*THE DATA*:
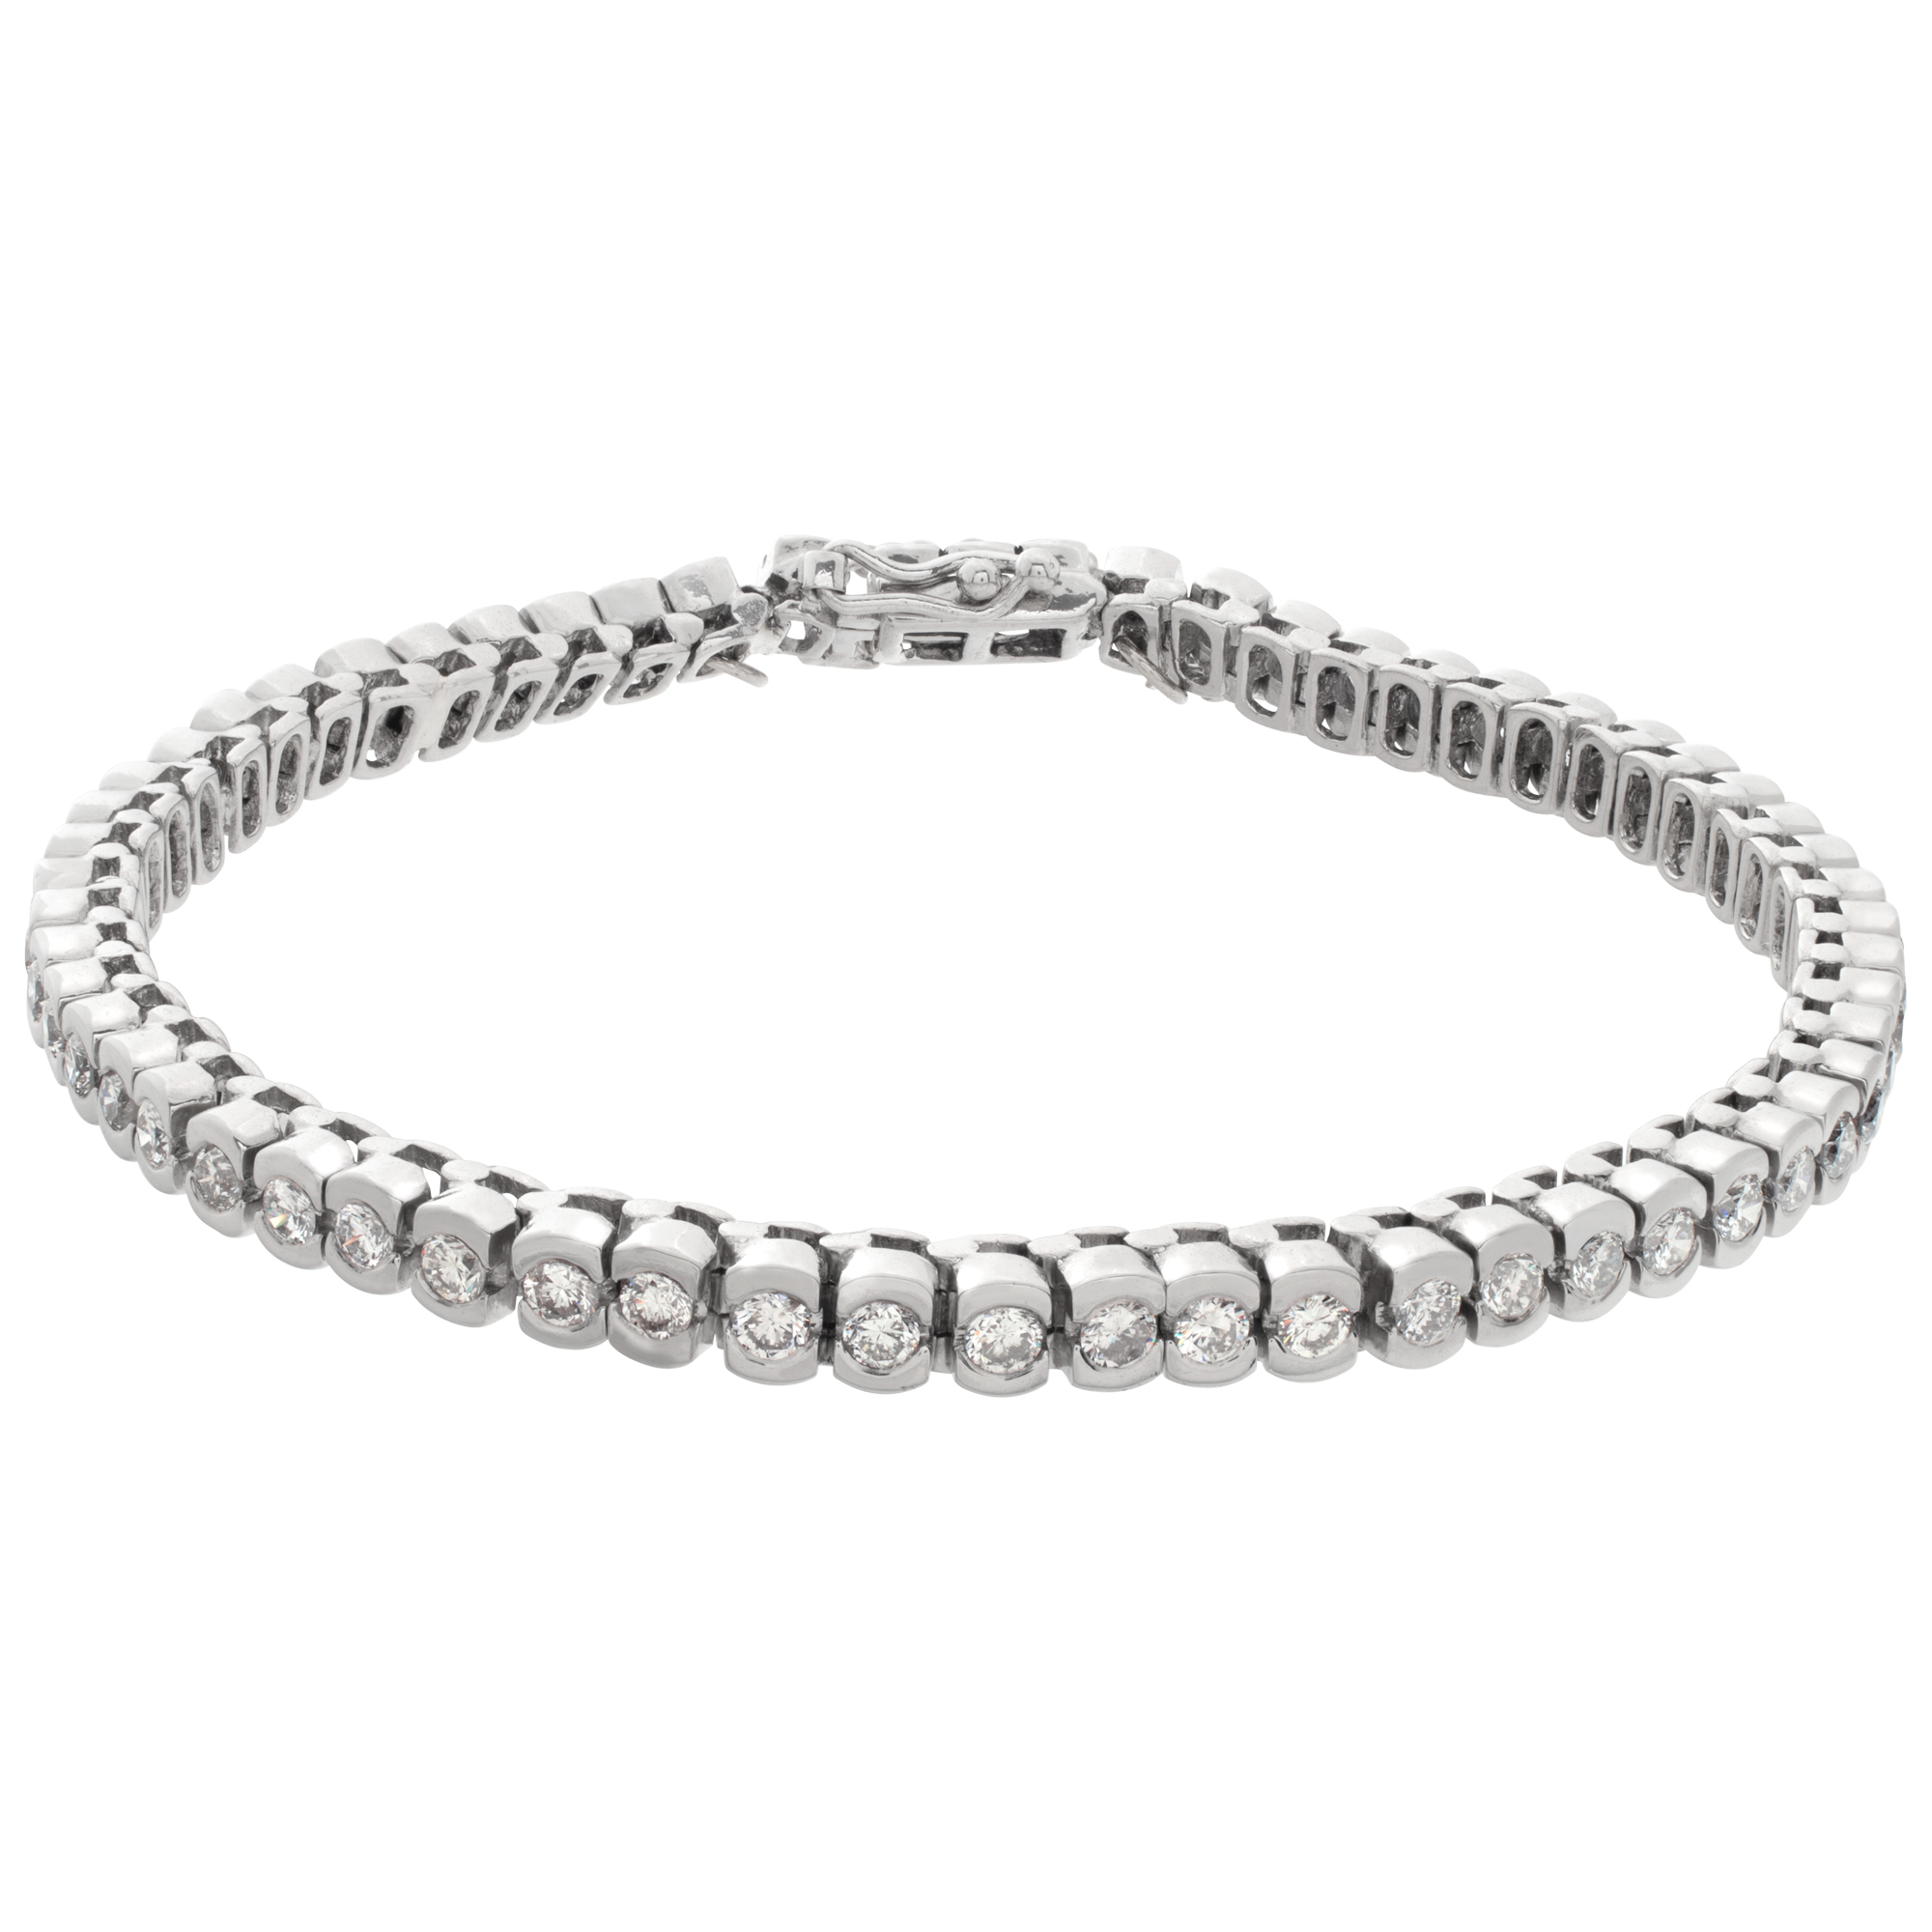 Diamond tennis bracelet in platinum with approximately 6 carats in round diamonds image 1
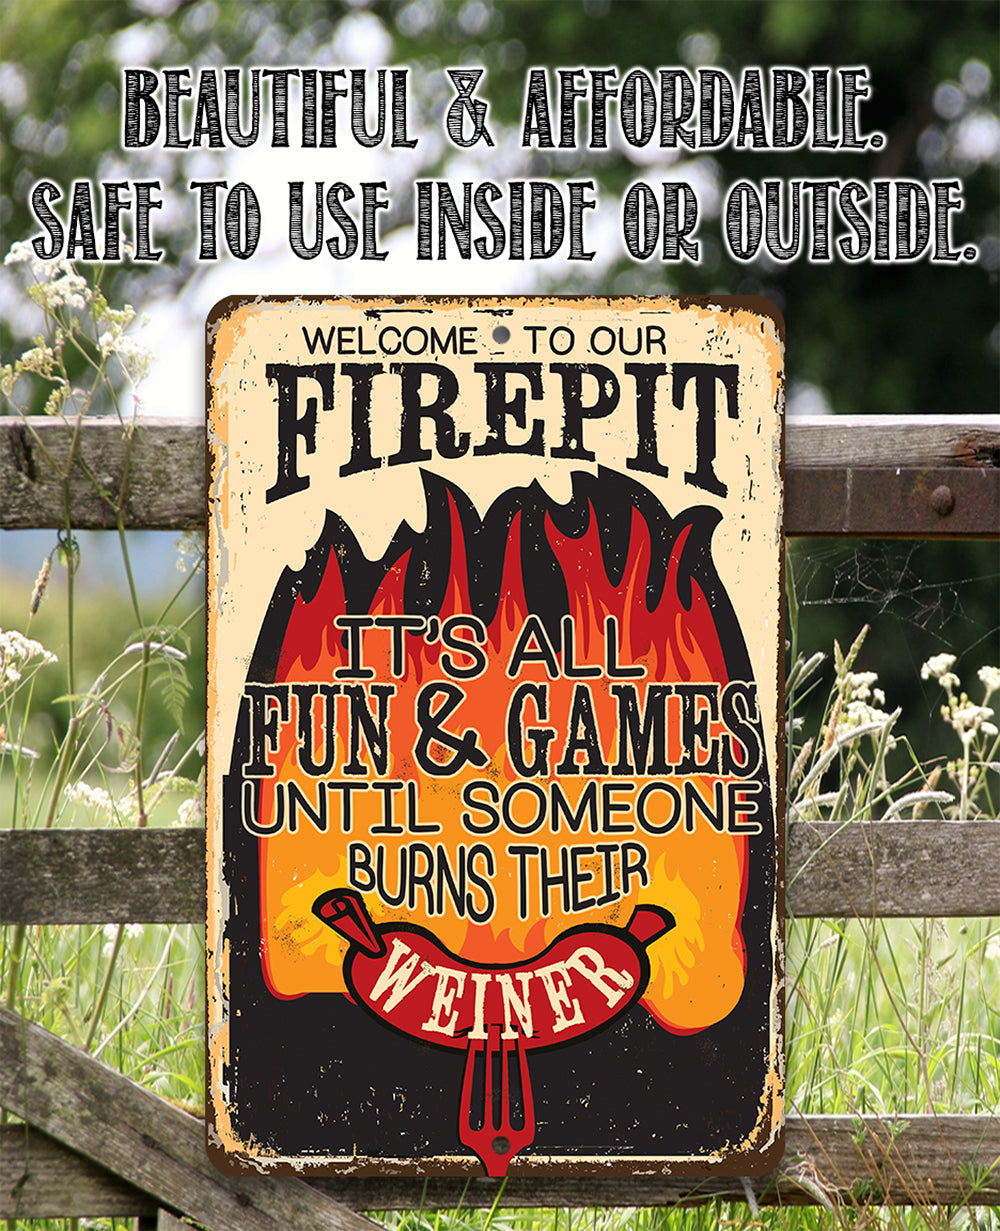 It's All Fun and Games - Metal Sign Metal Sign Lone Star Art 
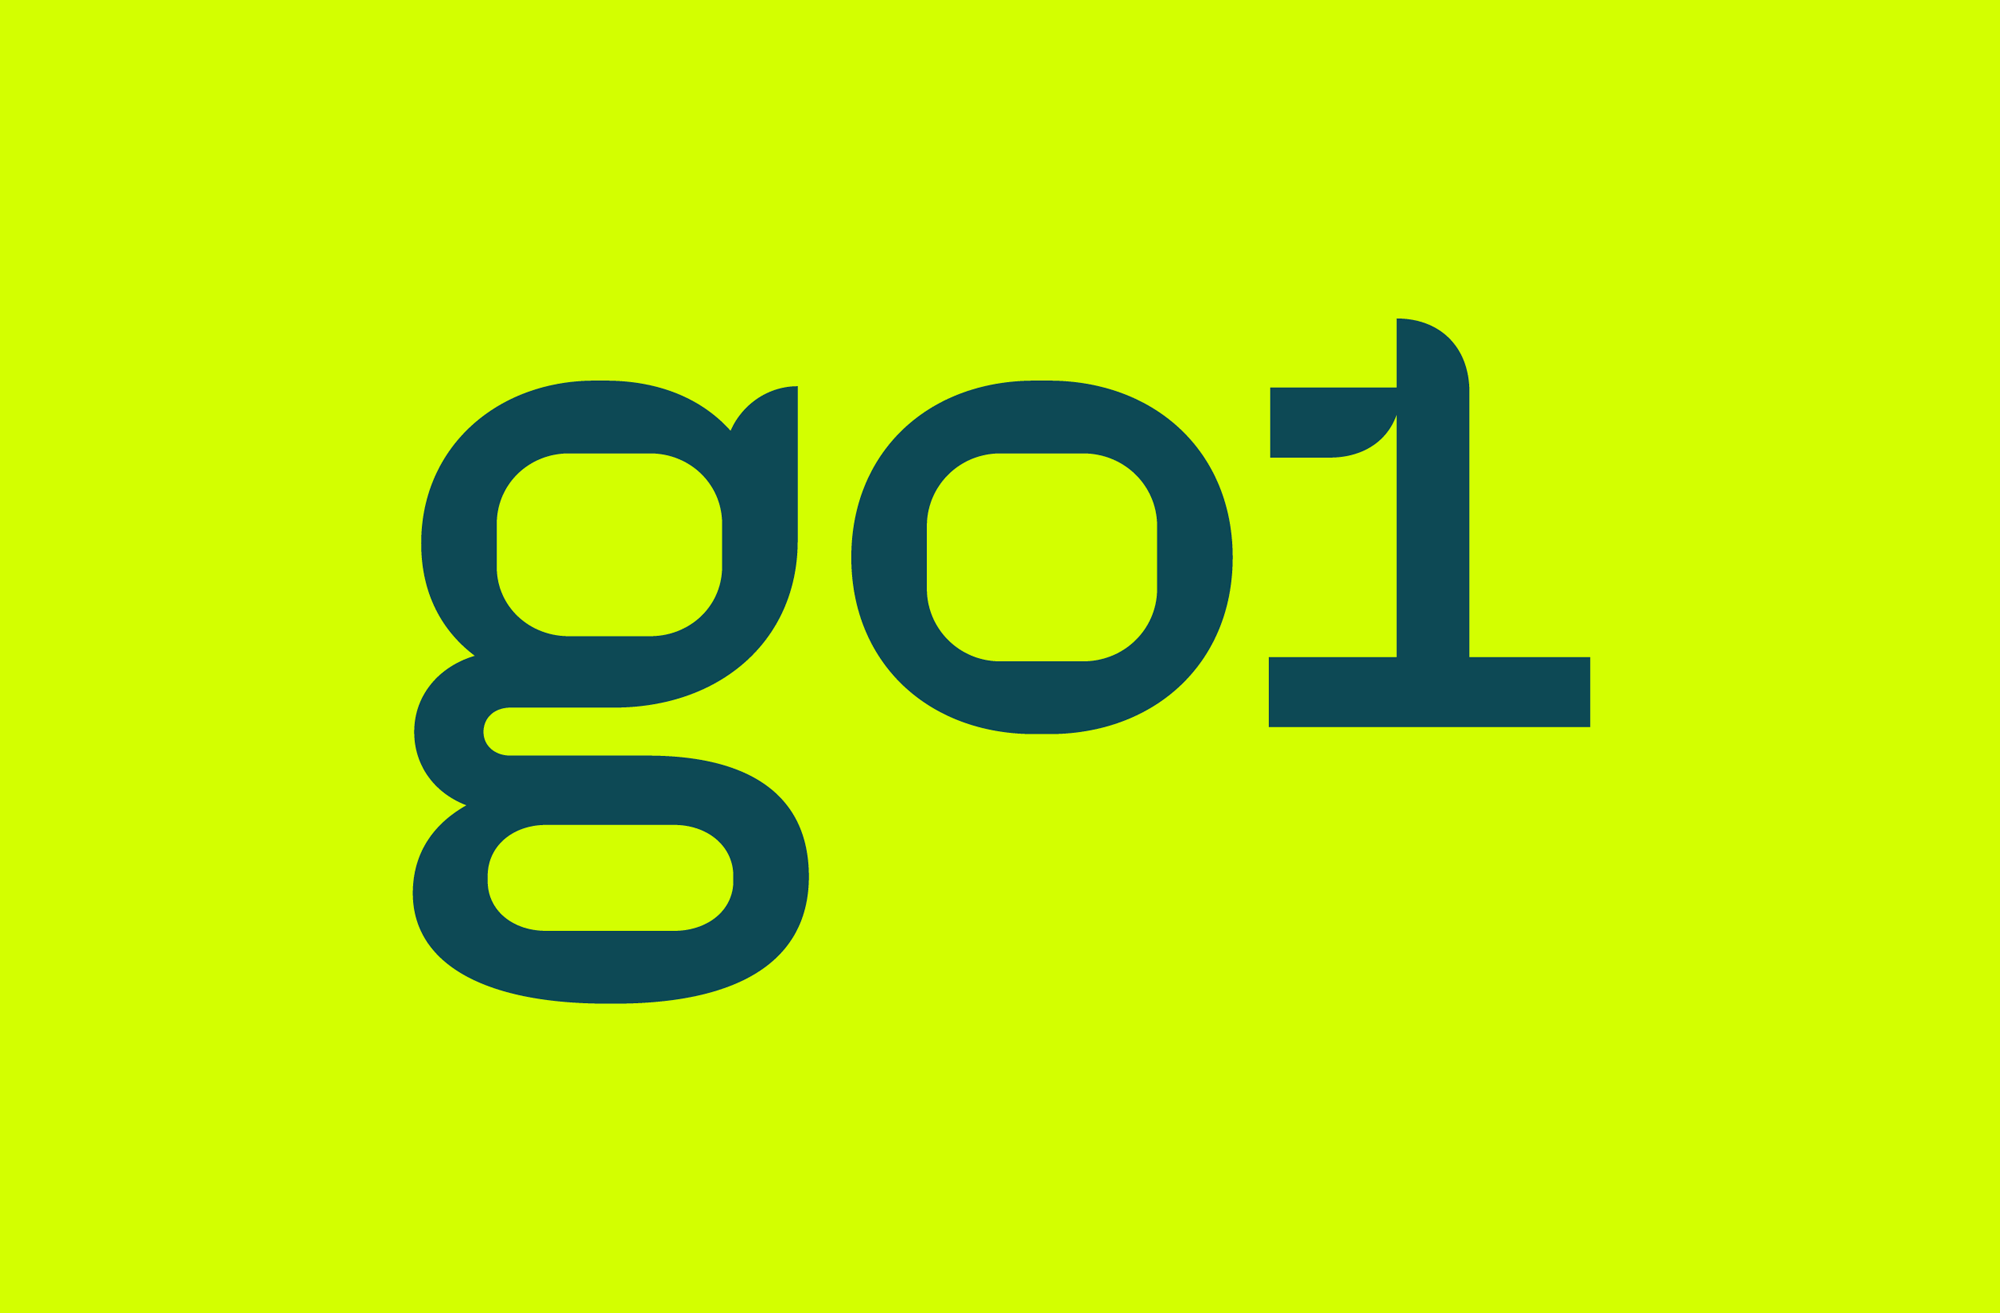 New Logo and Identity for Go1 by DesignStudio

*DIRECTIONS FOR THIS TASK*: Word for word, restate the lines from the line containing "It's All Fun" through the end of the data, including the first and last of them. Pictures stay out.

*THE ANSWER*:
 It's All Fun and Games - Metal Sign Metal Sign Lone Star Art 
 New Logo and Identity for Go1 by DesignStudio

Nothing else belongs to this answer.